MATERIAL FOR THIS EXERCISE -
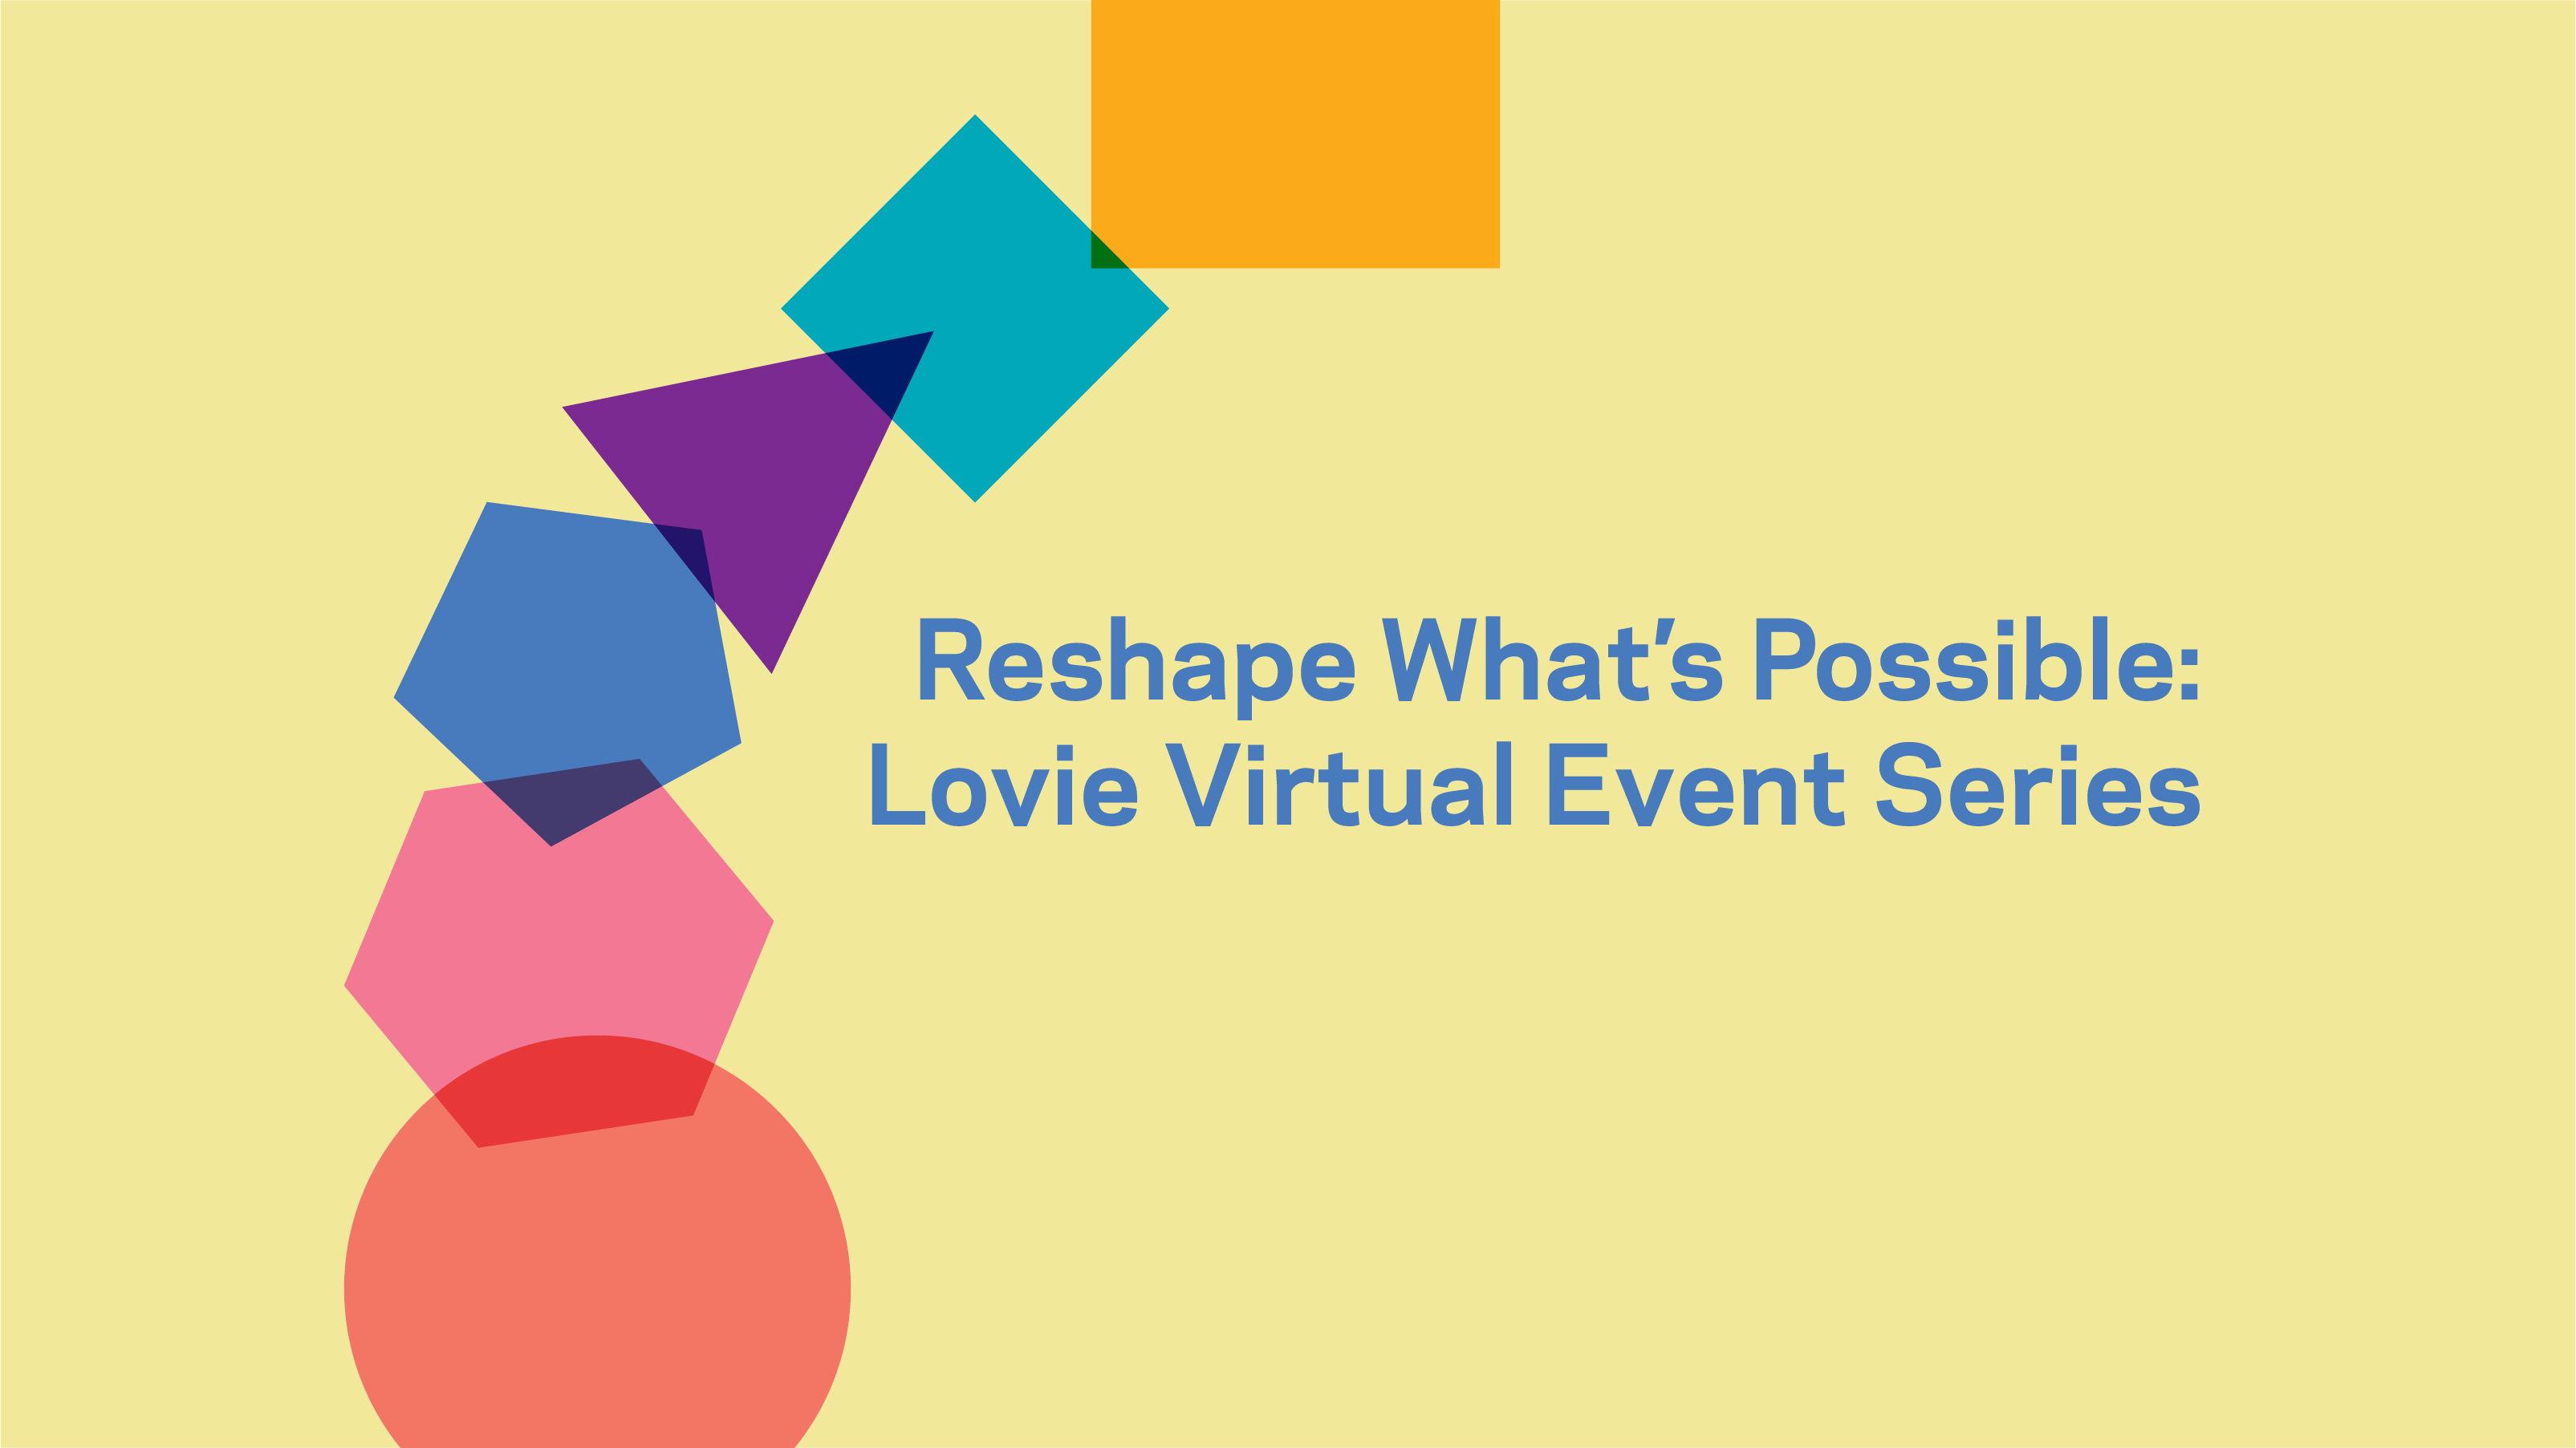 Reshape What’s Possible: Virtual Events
--
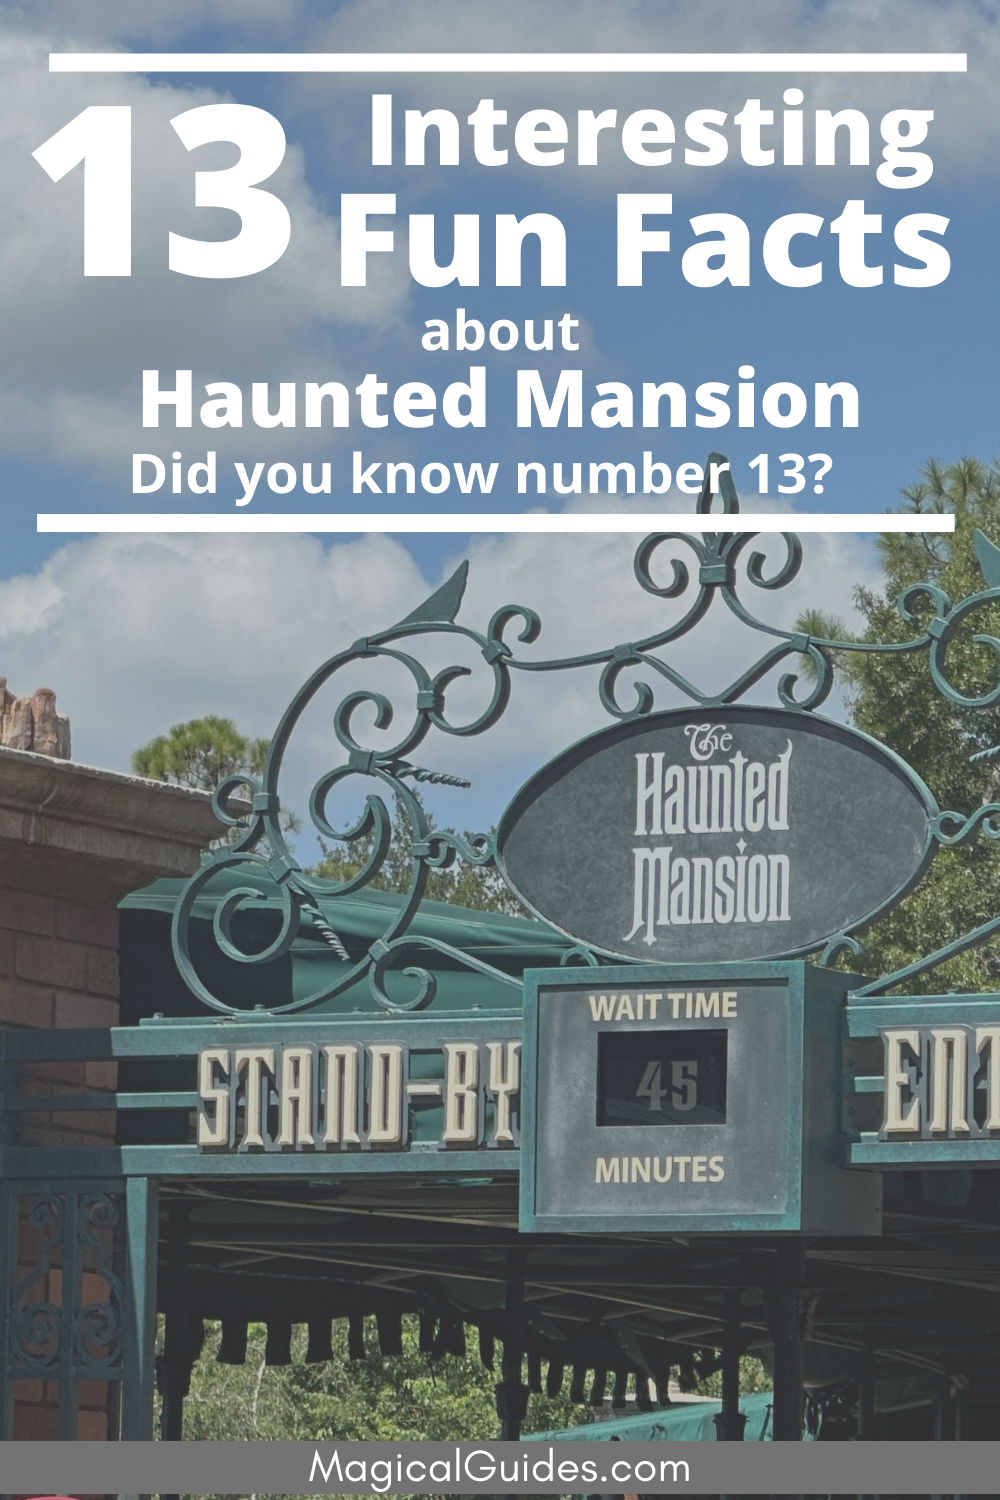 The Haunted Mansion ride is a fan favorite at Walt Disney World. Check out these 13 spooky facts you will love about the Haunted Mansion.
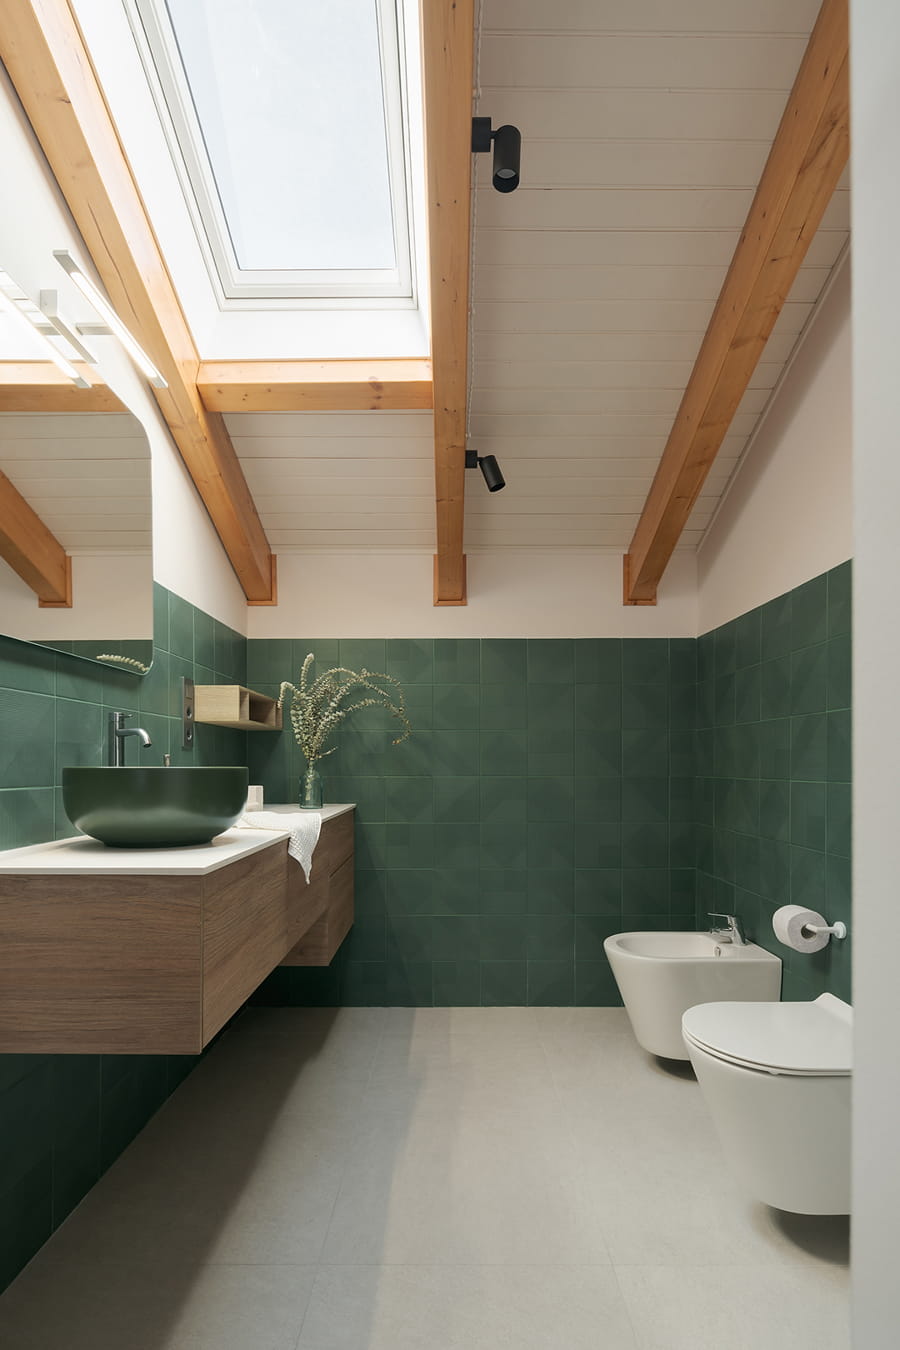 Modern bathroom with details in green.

TRY IT - Give the lines above again exactly, from the one containing "The Haunted Mansion ride" to the one containing "Modern bathroom with details in green.", both included, but leave out the pictures.

OUTPUT FOR THIS TASK -
 The Haunted Mansion ride is a fan favorite at Walt Disney World. Check out these 13 spooky facts you will love about the Haunted Mansion.
 Modern bathroom with details in green.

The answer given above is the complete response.